# TASK TO COMPLETE:
With the pictures left out, print exactly the lines below that run from the one containing "Outdoor Winter Decorating" through the one containing "Аппарат для сварки пластиковых".

Top of DATA PROVIDED

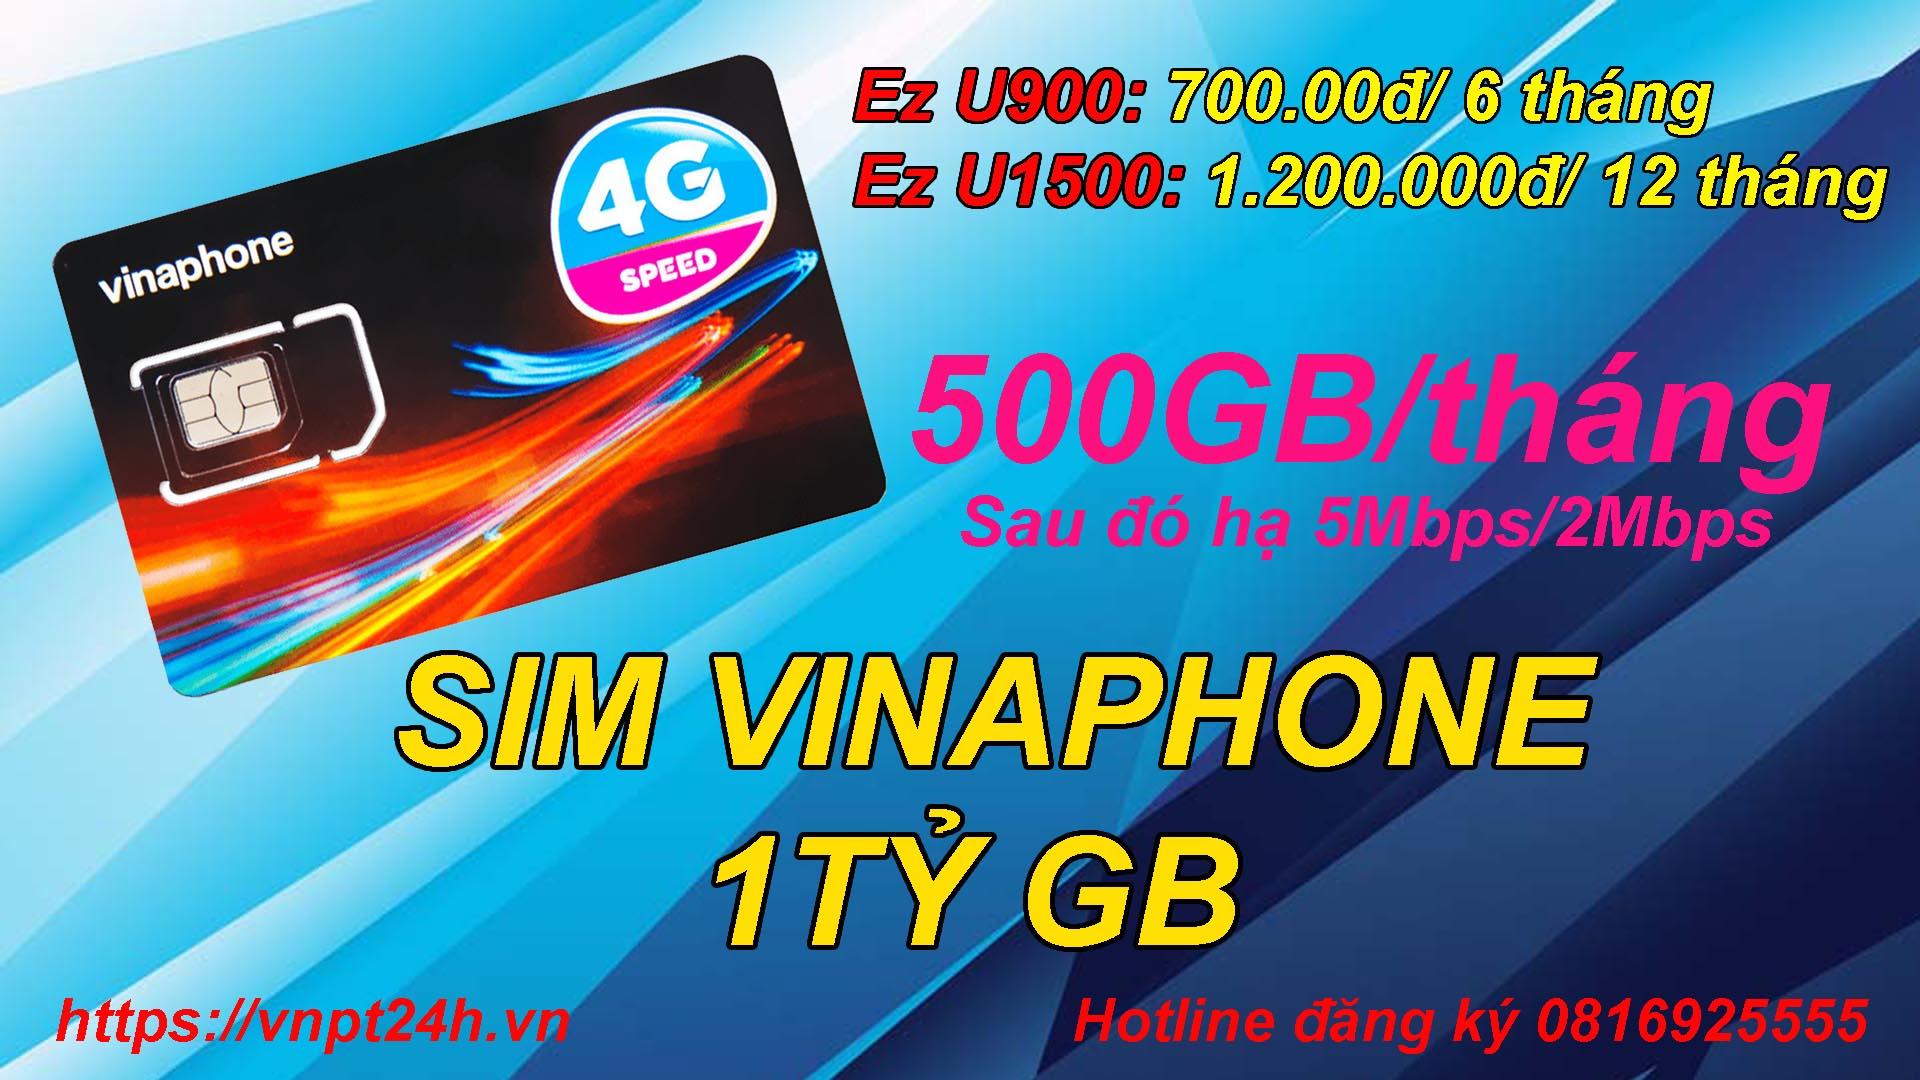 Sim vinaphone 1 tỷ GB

Bottom of DATA PROVIDED
Top of DATA PROVIDED

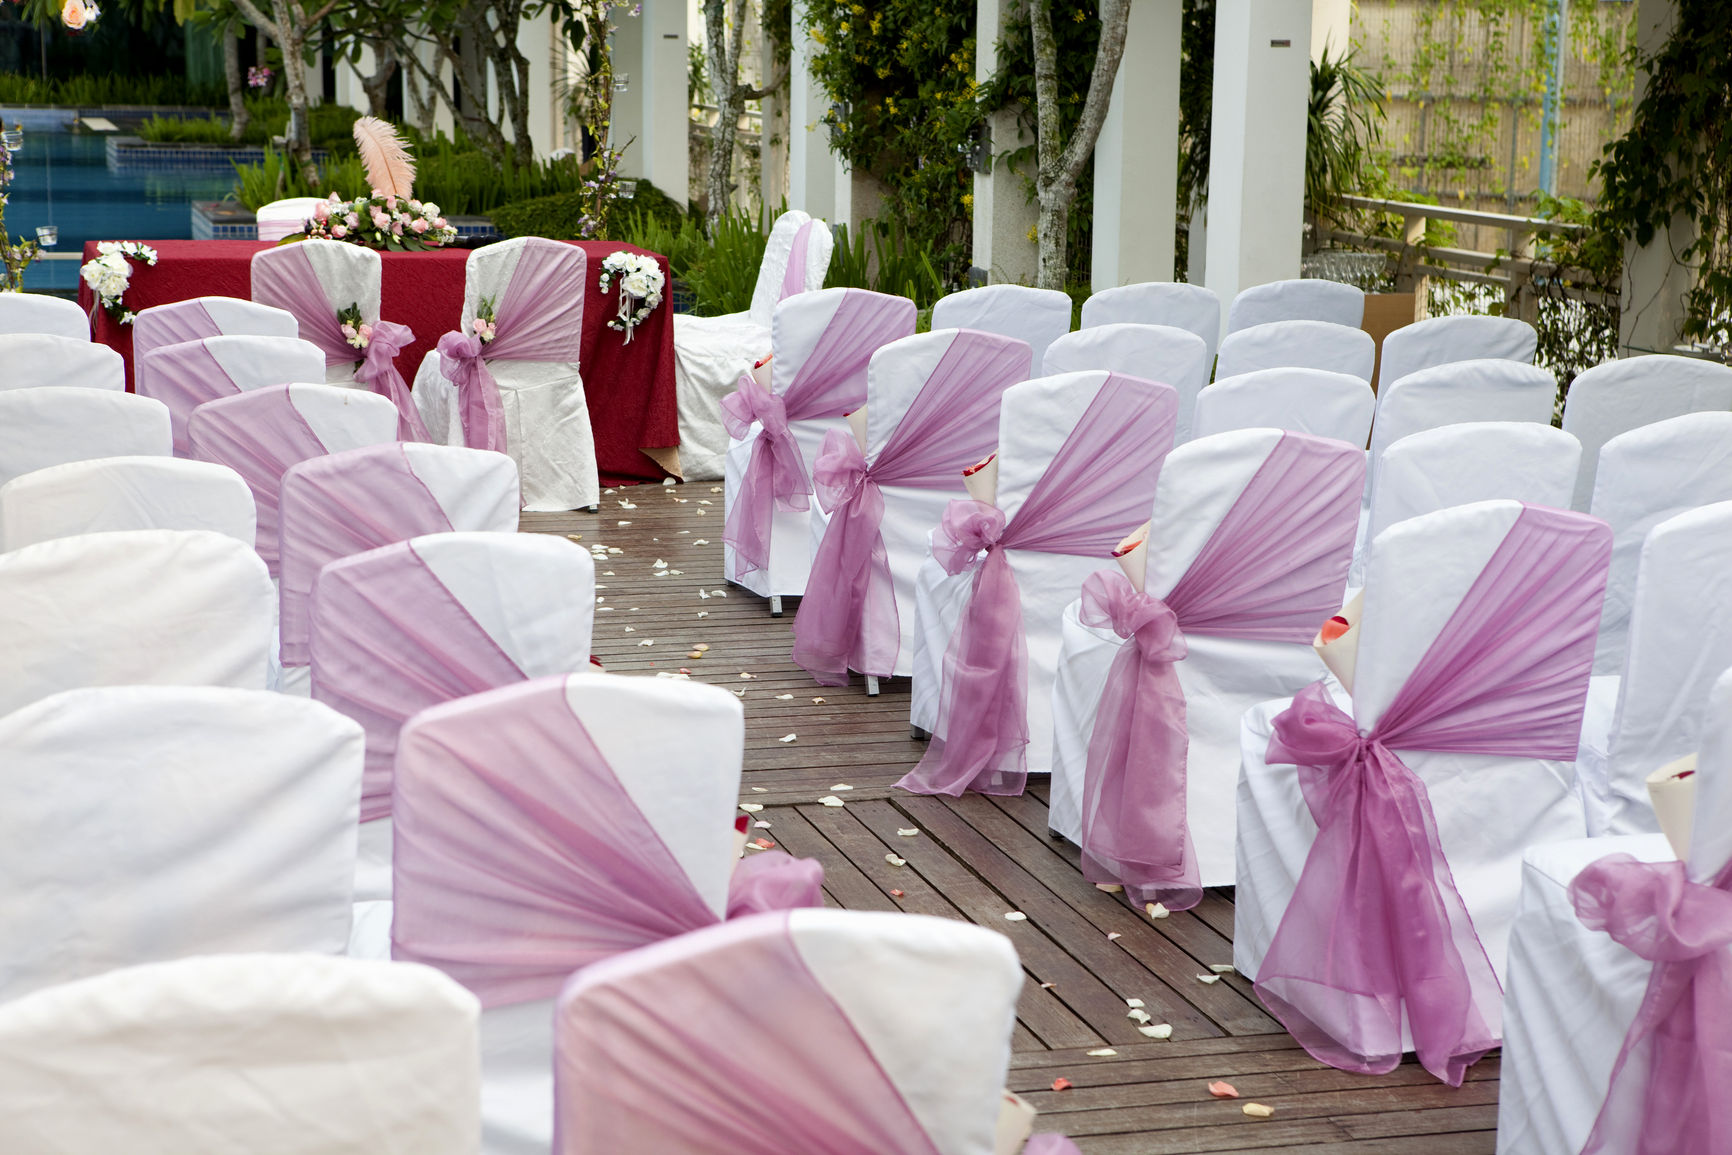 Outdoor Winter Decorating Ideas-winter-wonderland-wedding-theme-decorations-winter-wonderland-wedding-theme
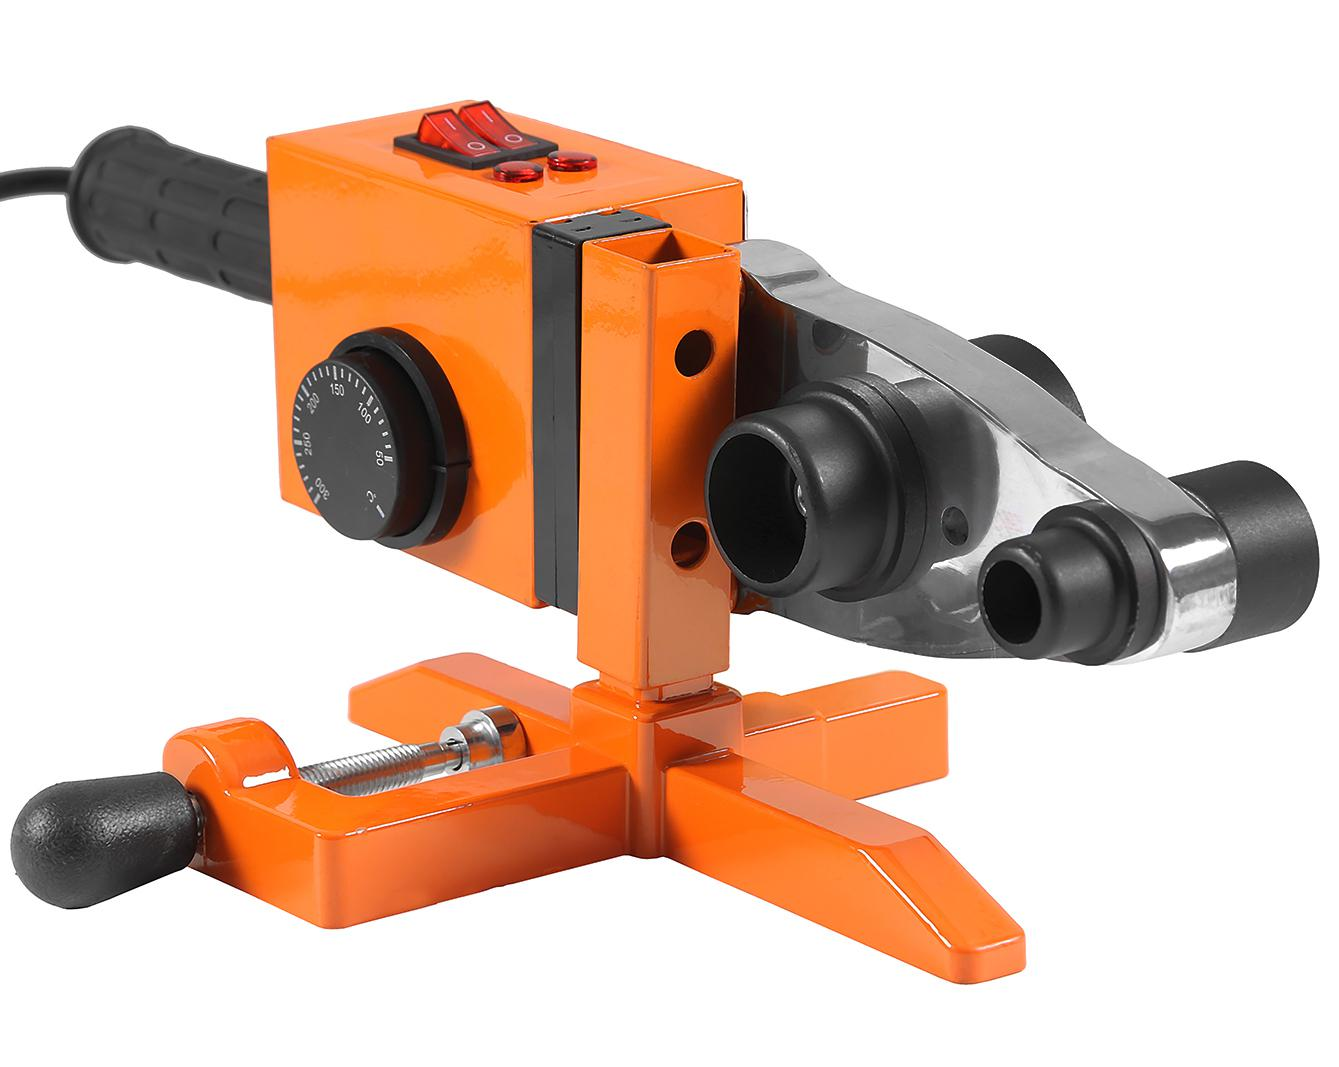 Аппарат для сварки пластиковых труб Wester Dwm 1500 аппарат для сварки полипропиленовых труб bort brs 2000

Bottom of DATA PROVIDED

# PROBLEM SOLUTION:
 Outdoor Winter Decorating Ideas-winter-wonderland-wedding-theme-decorations-winter-wonderland-wedding-theme
 Аппарат для сварки пластиковых труб Wester Dwm 1500 аппарат для сварки полипропиленовых труб bort brs 2000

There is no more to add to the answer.